Statistical Perspectives on AI Reliability

Introduction

Artificial intelligence (AI) systems have become common in many areas, from research to practice, and even in everyday life. However, AI technologies are still in their developing stages and there are many issues that need to be addressed. Those issues include robustness, trustworthiness, safety, and reliability. In this paper, we focus on AI reliability, which is an important dimension, because the reliability of AI systems needs to be shown so that AI systems can be used with confidence. Different from other considerations, the reliability of AI systems focuses on the time dimension. That is, the system can perform its designed functionality for the intended period of time.

The main goal of this post is to provide statistical perspectives on the reliability of AI systems. In particular, we introduce a so-called “SMART” statistical framework for AI reliability research, including Structure of the system, Metrics of reliability, Analysis of failure causes, Reliability assessment, and Test planning. We briefly review the traditional methods in reliability data analysis and software reliability, and discuss how those existing methods can be transformed for reliability modeling and assessment of AI systems. We also review recent developments in modeling and analysis of AI reliability, and outline statistical research challenges in the area, especially for statisticians.

We explore some research opportunities in AI reliability, including out-of-distribution de- tection, the effect of the training set, adversarial attacks, model accuracy, and uncertainty quantification, and discuss how those topics can be related to AI reliability. We provide some examples to illustrate those research opportunities.
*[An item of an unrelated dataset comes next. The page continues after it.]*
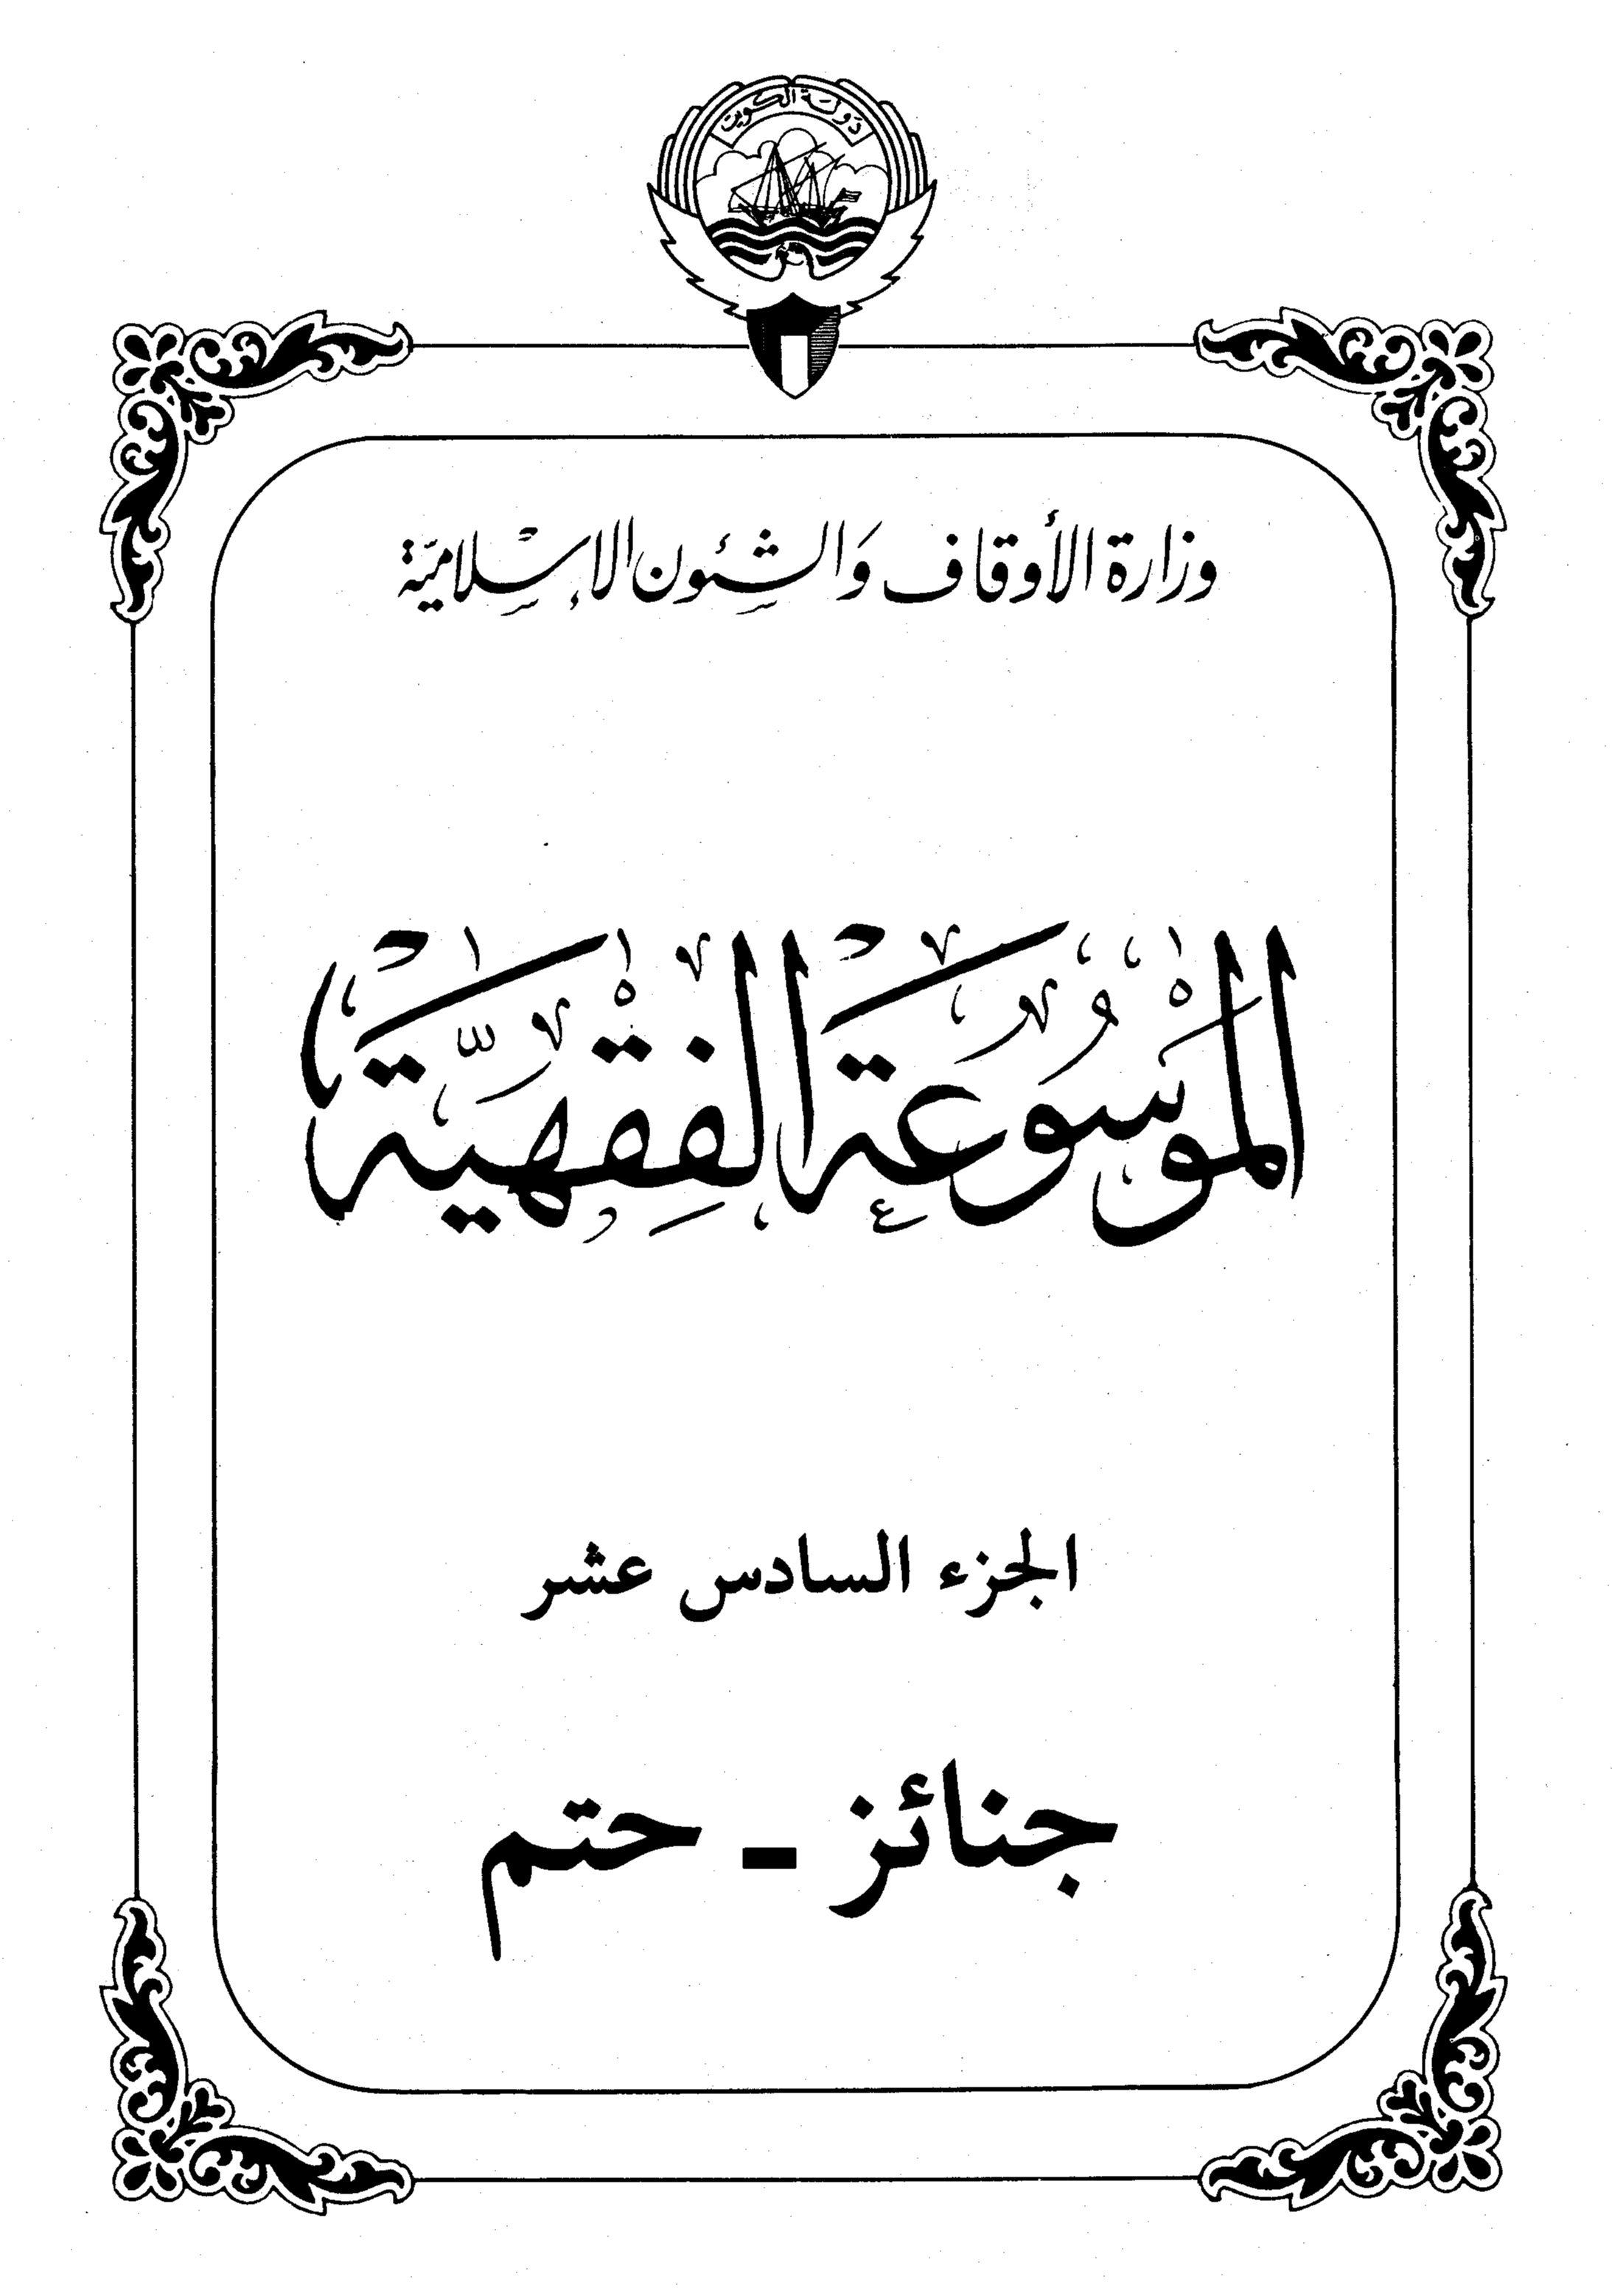 الموسوعة الفقهية الكويتية الجزء السادس عشر (جنائز- حتم)

As data are essential for reliability assess- ment, we also discuss data collection and test planning for AI reliability assessment and how to improve system designs for higher AI reliability.

The Importance of AI Reliability

For any system, reliability is often of interest because failure events can lead to safety concerns. Failures of AI systems can lead to economic loss and even, in some extreme cases, lead to loss of life. For example, a failure in the autopilot system of an autonomous car can lead to an accident with loss of life. Thus, reliability is critical, especially for autonomous systems.

We introduce the “SMART” framework for AI reliability study, which contains five components. Here, the acronym “SMART” comes from the first letter of the five components below.

• Structure of the system: Understanding the system structure is a fundamental step in the AI reliability study.

• Metrics of reliability: Appropriate metrics need to be defined for AI reliability so that data can be collected over those metrics.

• Analysis of failure causes: Conducting failure analysis to understand how the system fails (i.e., failure modes) and what factors affect the reliability.

• Reliability assessments: Reliability assessments of AI systems include reliability modeling, estimation, and prediction.

• Test planning: Test planning methods are needed for efficient reliability data collection.

The ultimate goal of statistical reliability analysis is to improve designs for reliable AI systems.

Summary

In this post, e provide statistical perspectives on the reliability analysis of AI systems. The objective of the paper is to provide some general discussion with illustrations on several concrete problems, while we are not trying to be exhaustive in literature review because the AI literature is vast and involves many areas.

One challenge is the limited public availability in reliability data from AI systems, which is common for all systems and products because reliability data are usually proprietary and sensitive. Also, the collection of field test data is usually costly and time consuming. The publicly available California DMV database for AV test is one exception. For the reliability data of AI algorithms, as mentioned in Section 5.1, one can collect using in-house computing power. However, it is useful to build data repository for AI reliability datasets. As for modeling methods, Bayesian methods have been widely used in reliability (e.g., Hamada et al. 2008). Although we did not discuss Bayesian reliability in this paper, Bayesian methods can be an area that worth exploring for AI reliability modeling.